Saved entries:
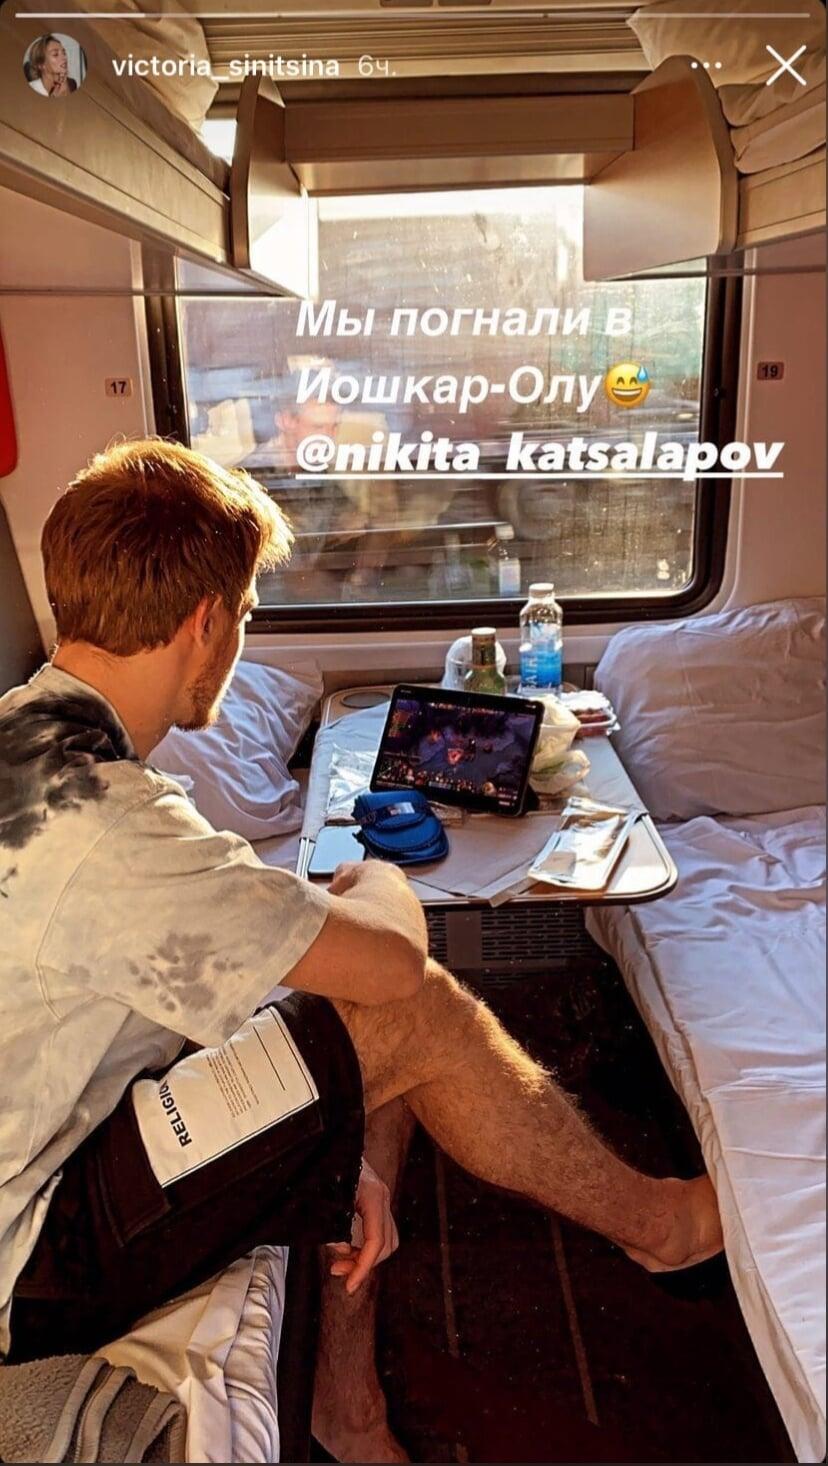 Мы погнали в Йошкар-Олу. Синицина и Кацалапов на поезде отправились на второй этап Кубка России
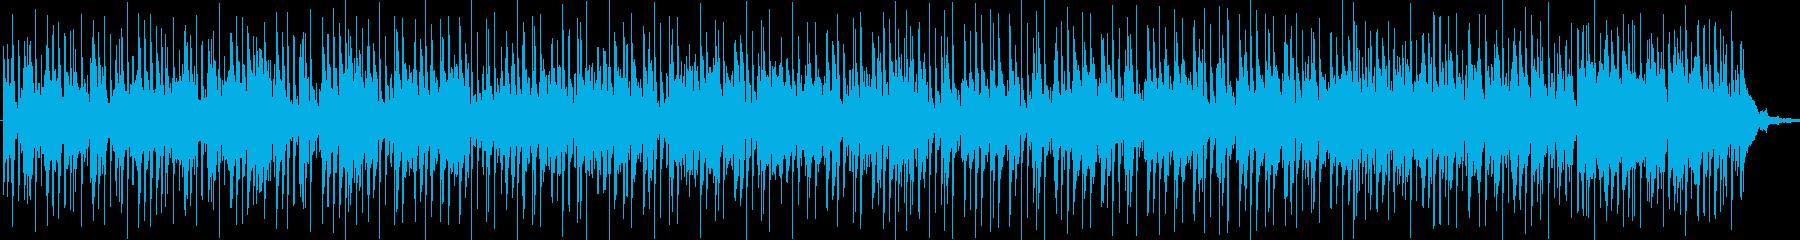 テレビのバックグラウンドミュージッ...の再生済みの波形
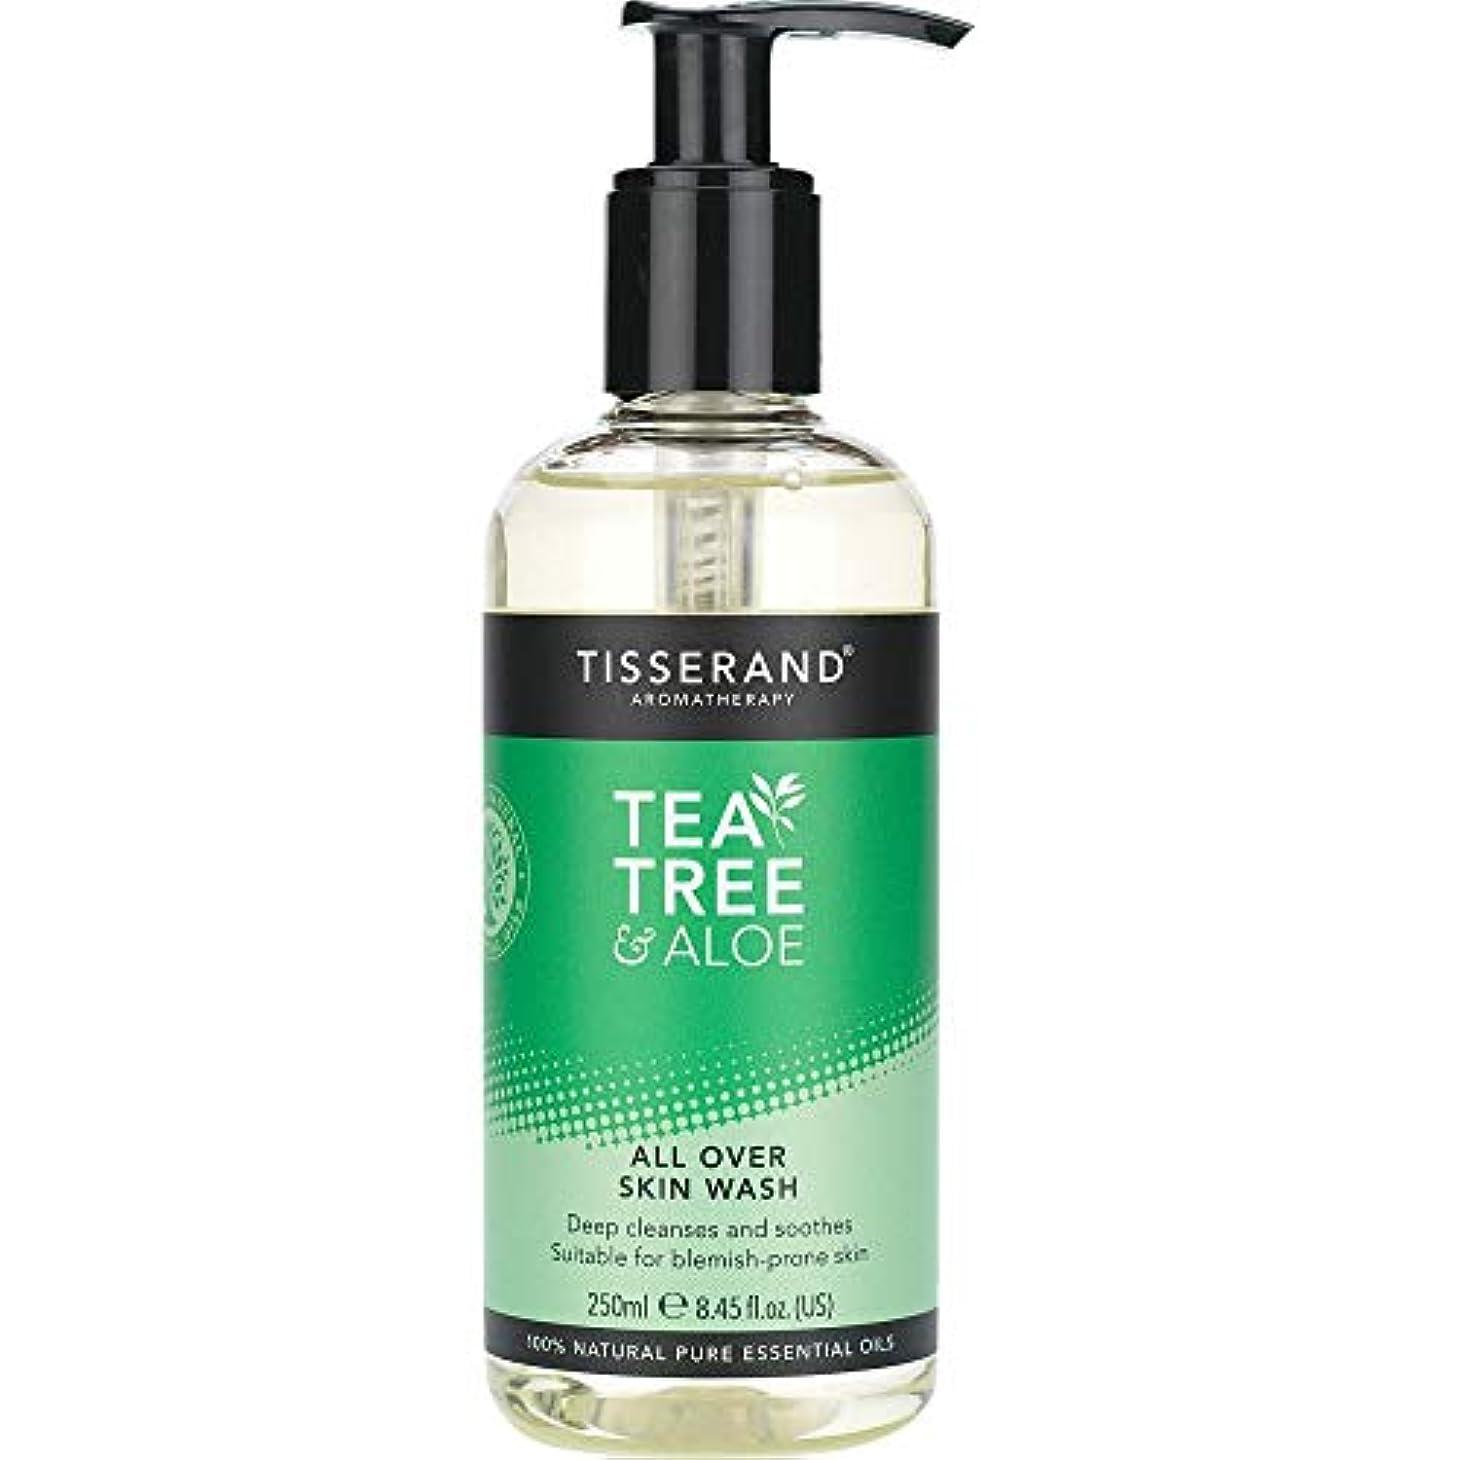 反論軽食寝具[Tisserand] すべての肌ウォッシュ250ミリリットルを超えるティスランドティーツリー&アロエ - Tisserand Tea Tree & Aloe All Over Skin Wash 250ml [並行輸入品]
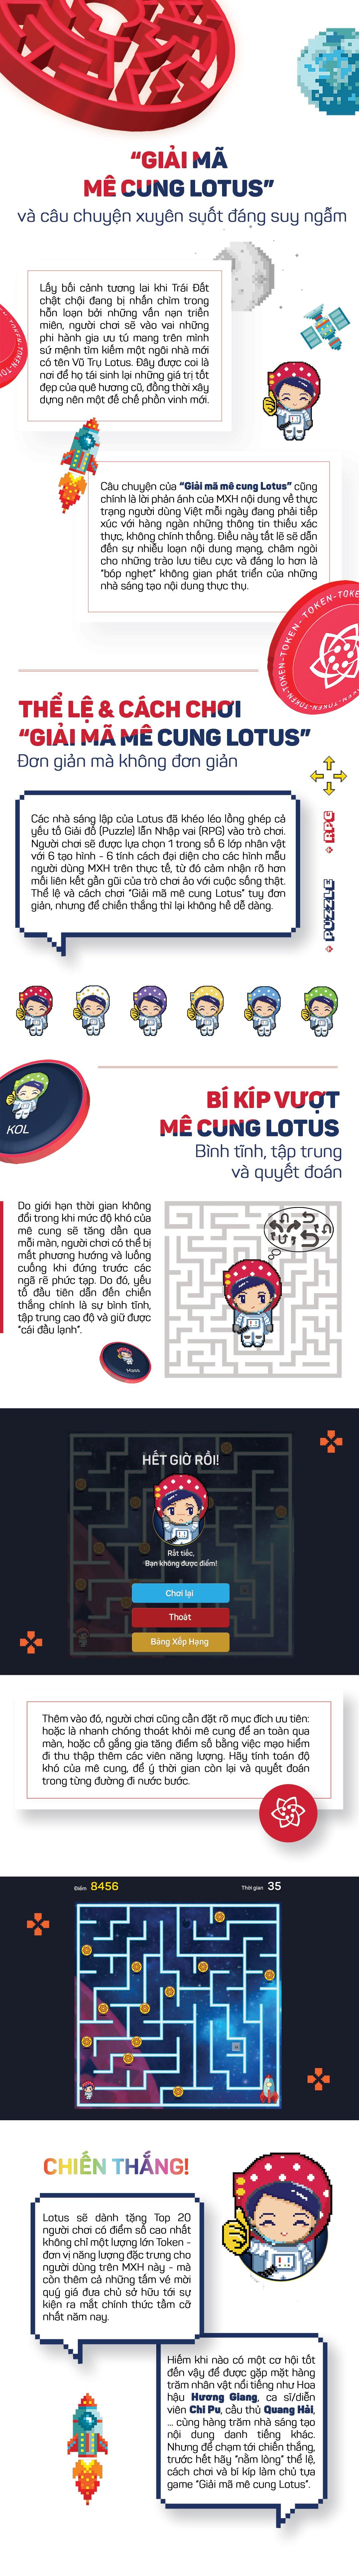 """Ôm trọn bí kíp phá đảo game """"Giải mã mê cung Lotus"""", giành vé tham dự sự kiện ra mắt MXH hot nhất năm - Ảnh 1."""
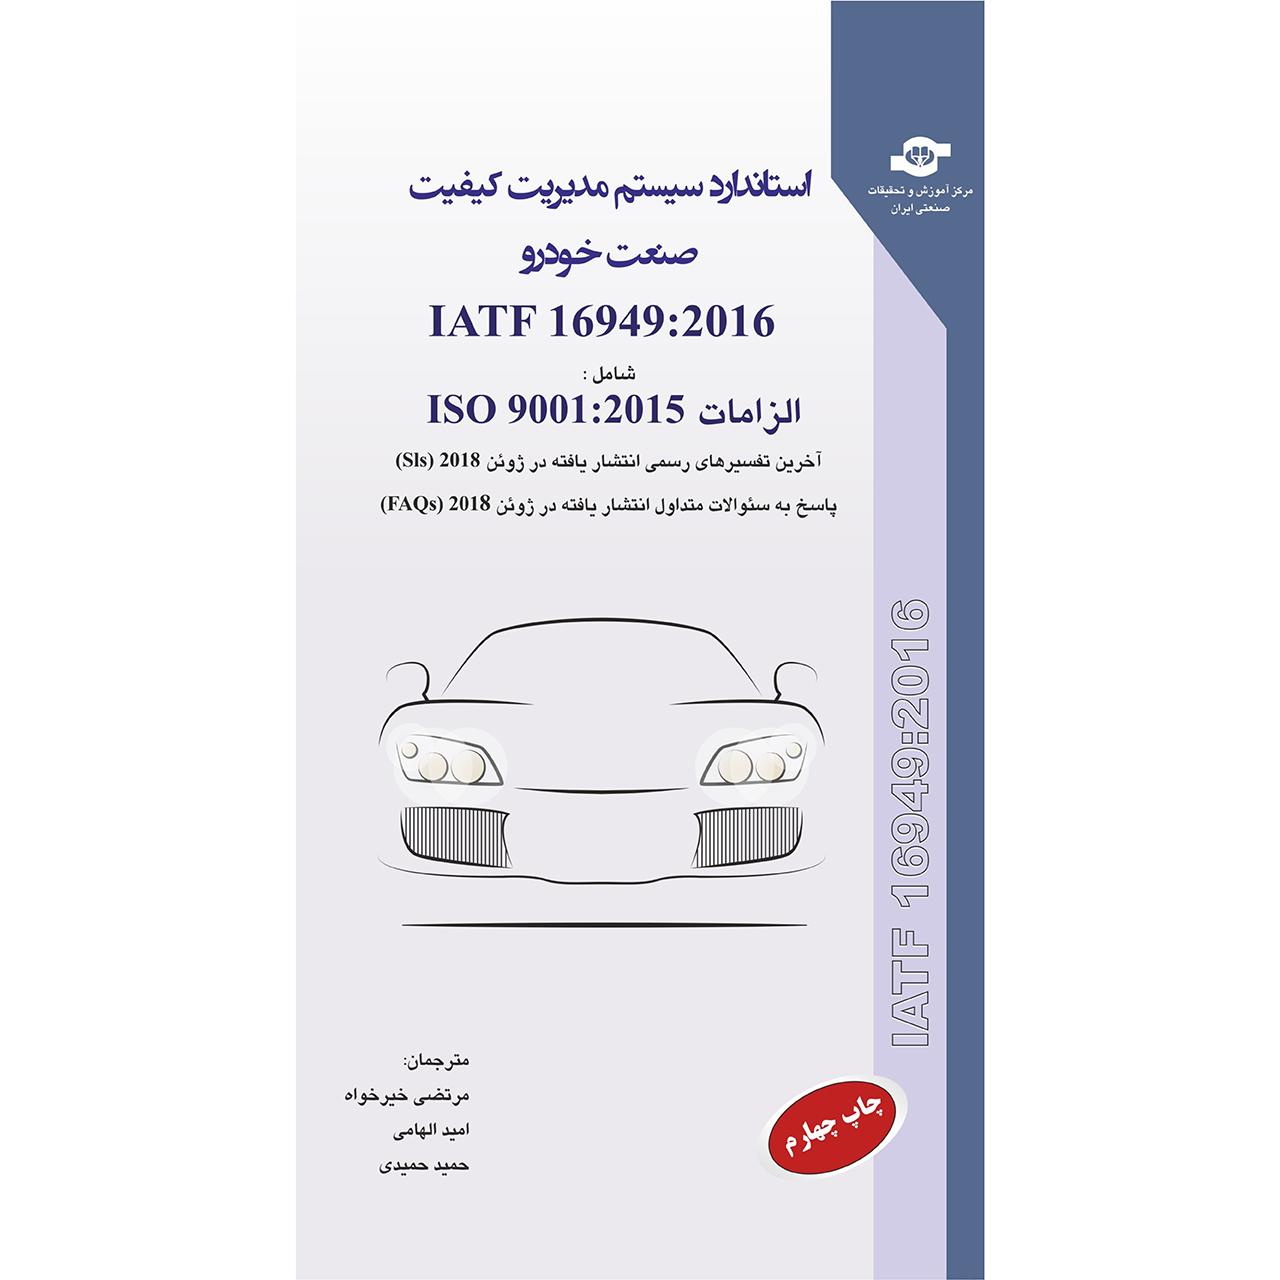 خرید                      کتناب استاندارد سیستم مدیریت کیفیت صنعت خودرو IATF 16949-2016 اثر جمعی از مترجمان

• WHAT THE EXERCISE ASKS: Excluding all pictures, output exactly the lines from the line containing "trọn bí kíp" through the last line of the entries above.

• ANSWER BOX:
 """Ôm trọn bí kíp phá đảo game """"Giải mã mê cung Lotus"""", giành vé tham dự sự kiện ra mắt MXH hot nhất năm - Ảnh 1."""
 خرید                      کتناب استاندارد سیستم مدیریت کیفیت صنعت خودرو IATF 16949-2016 اثر جمعی از مترجمان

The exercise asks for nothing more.